Dernier projet sans queue ni tête, baptisé d’un affreux terme anglais de « OneESite » (elle aurait pu préférer  un nom en Français pour la capitale de la France,  siège de l’Académie française) qui prévoit de sacrifier les très beaux arbres centenaires du Champ de Mars pour créer une nouvelle zone utilitaire entre le Trocadéro et la Tour Eiffel pour  y installer, ne riez pas, une bagagerie et des locaux pour le personnel.

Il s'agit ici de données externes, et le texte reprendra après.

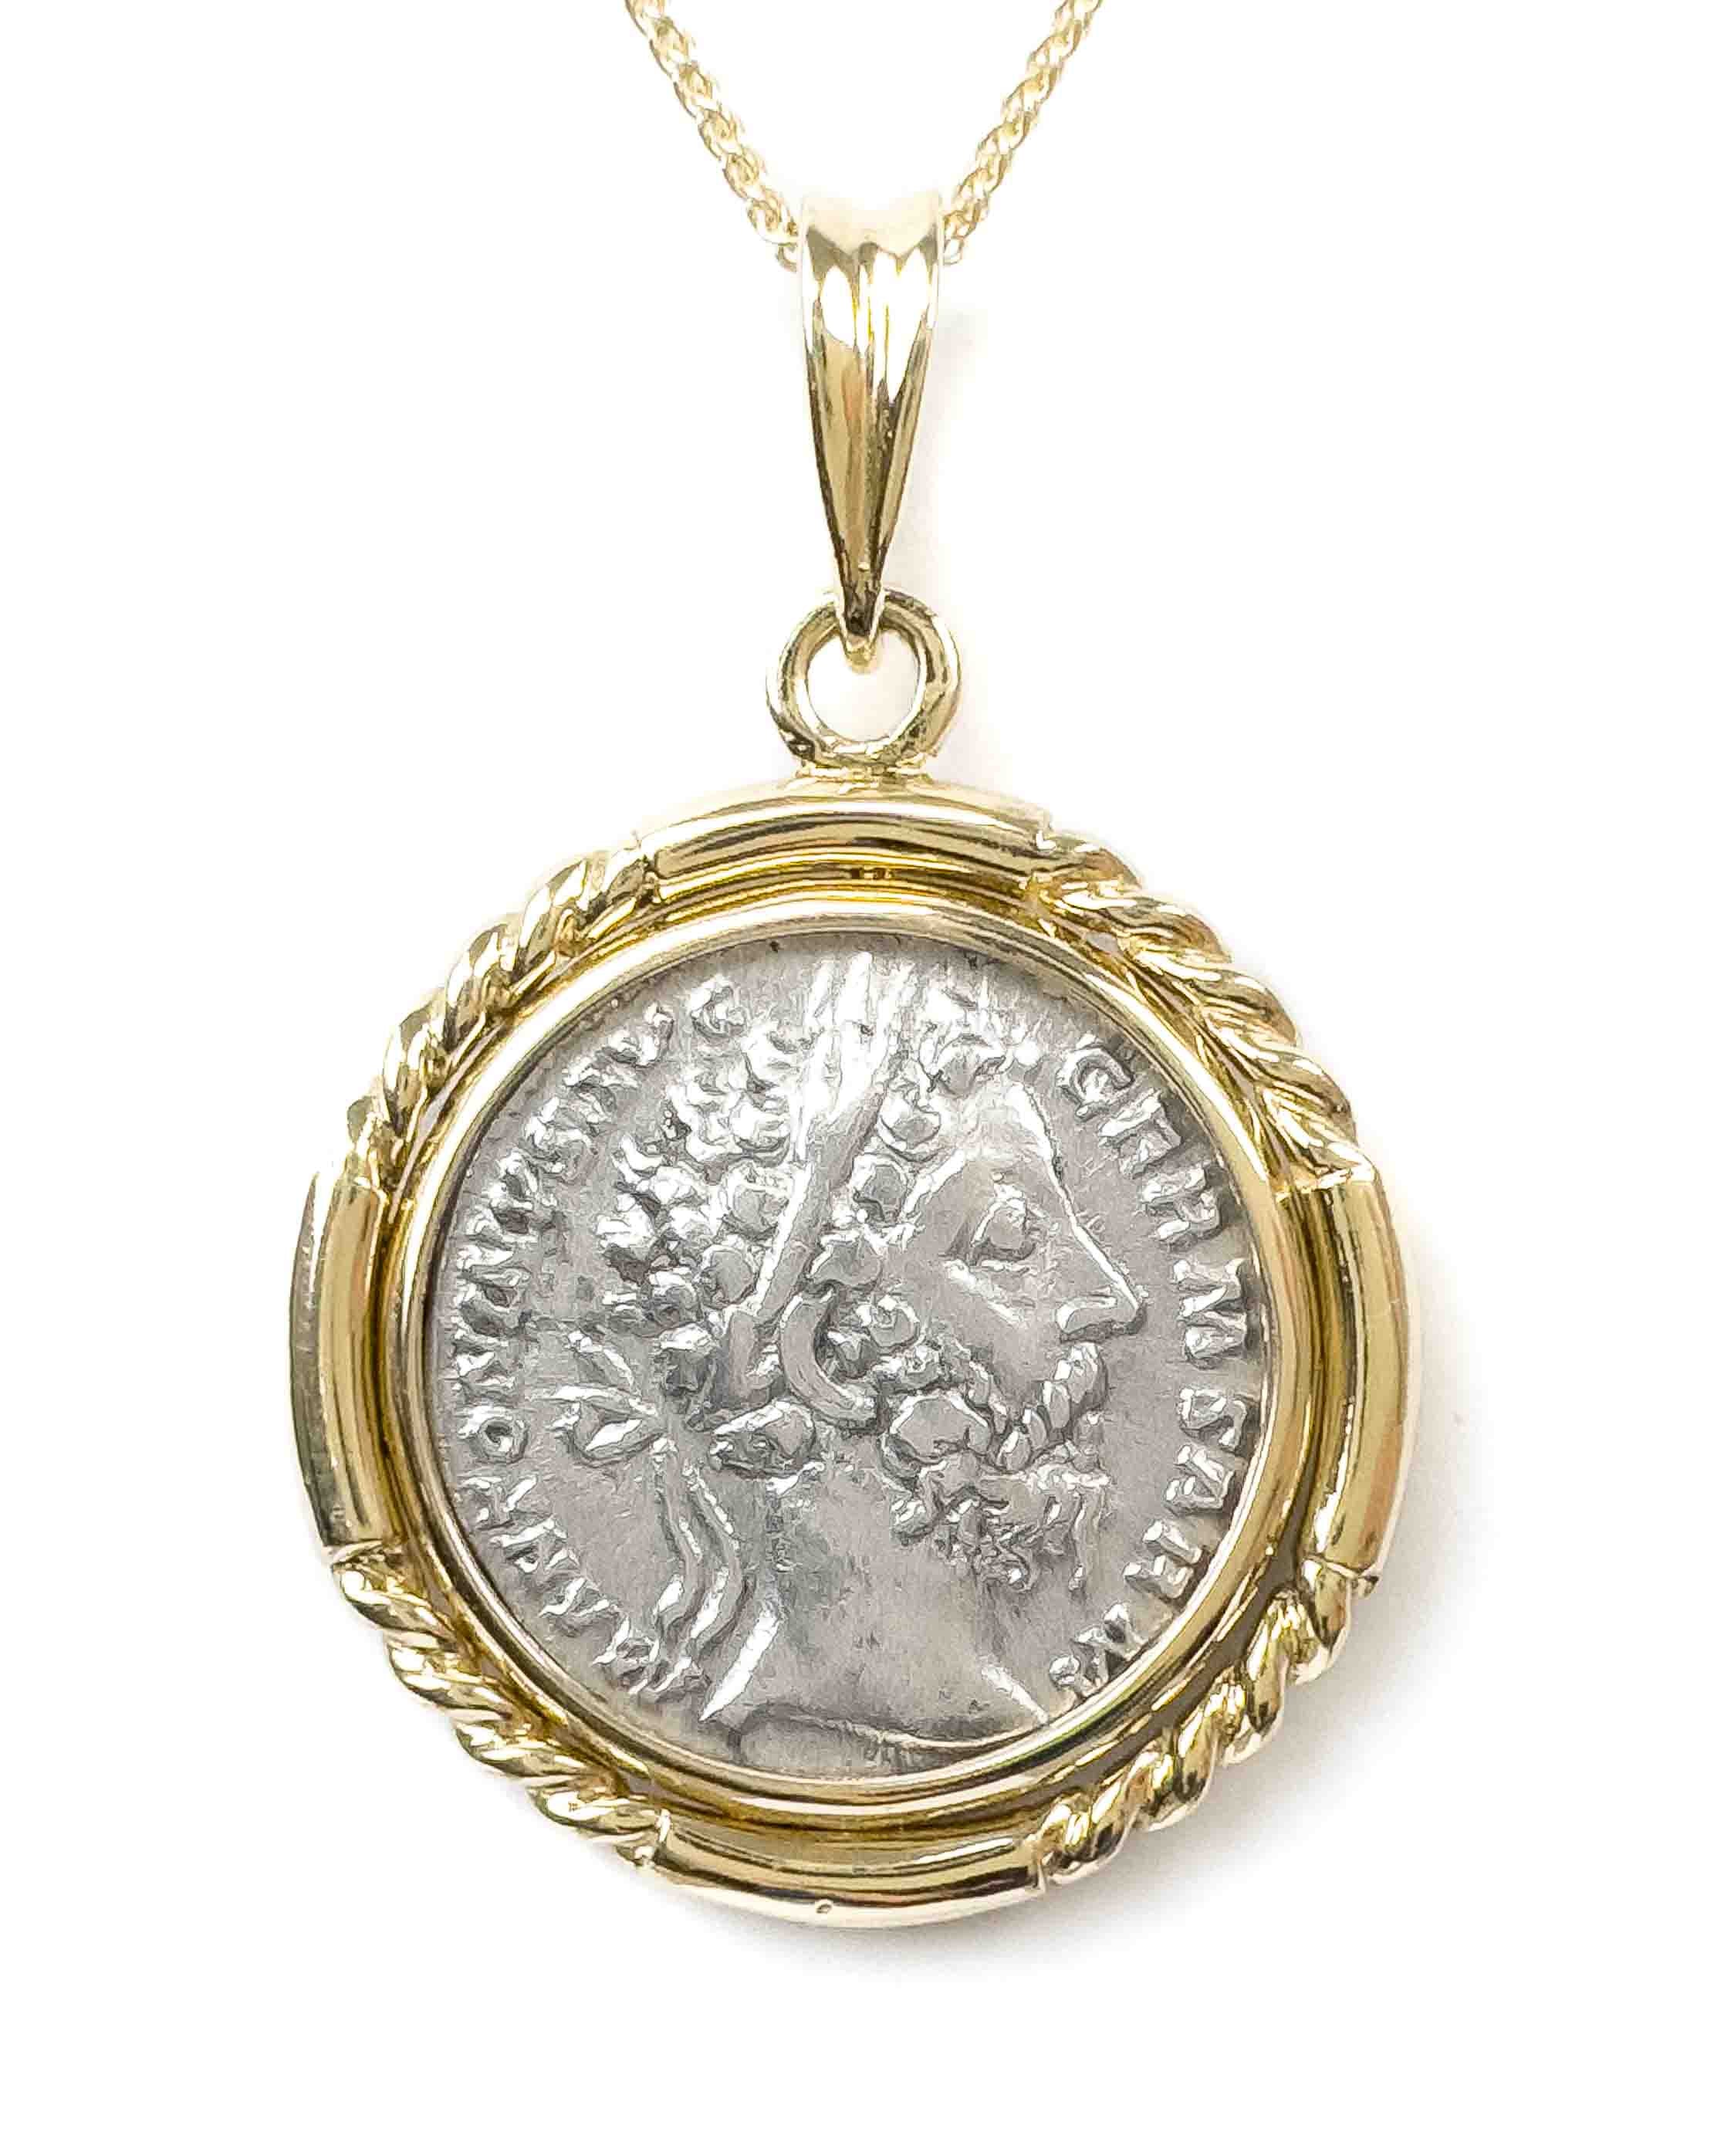 14k Gold Genuine Ancient Roman Coin Necklace (Marcus Aurelius; 161-180 A.D.)

On voudrait sacrifier encore un peu plus l’esthétique de la plus belle ville du monde qu’on ne s’y prendrait pas autrement. Dernier exemple, visible par tous, sur le pont de l’Alma , la mairie n’a rien trouvé de mieux pour protéger le couloir des cyclistes que de faire apposer d’horribles plots en béton mal repeints. Un véritable gâchis visuel qui vient se rajouter à une fantastique fuite en avant financière.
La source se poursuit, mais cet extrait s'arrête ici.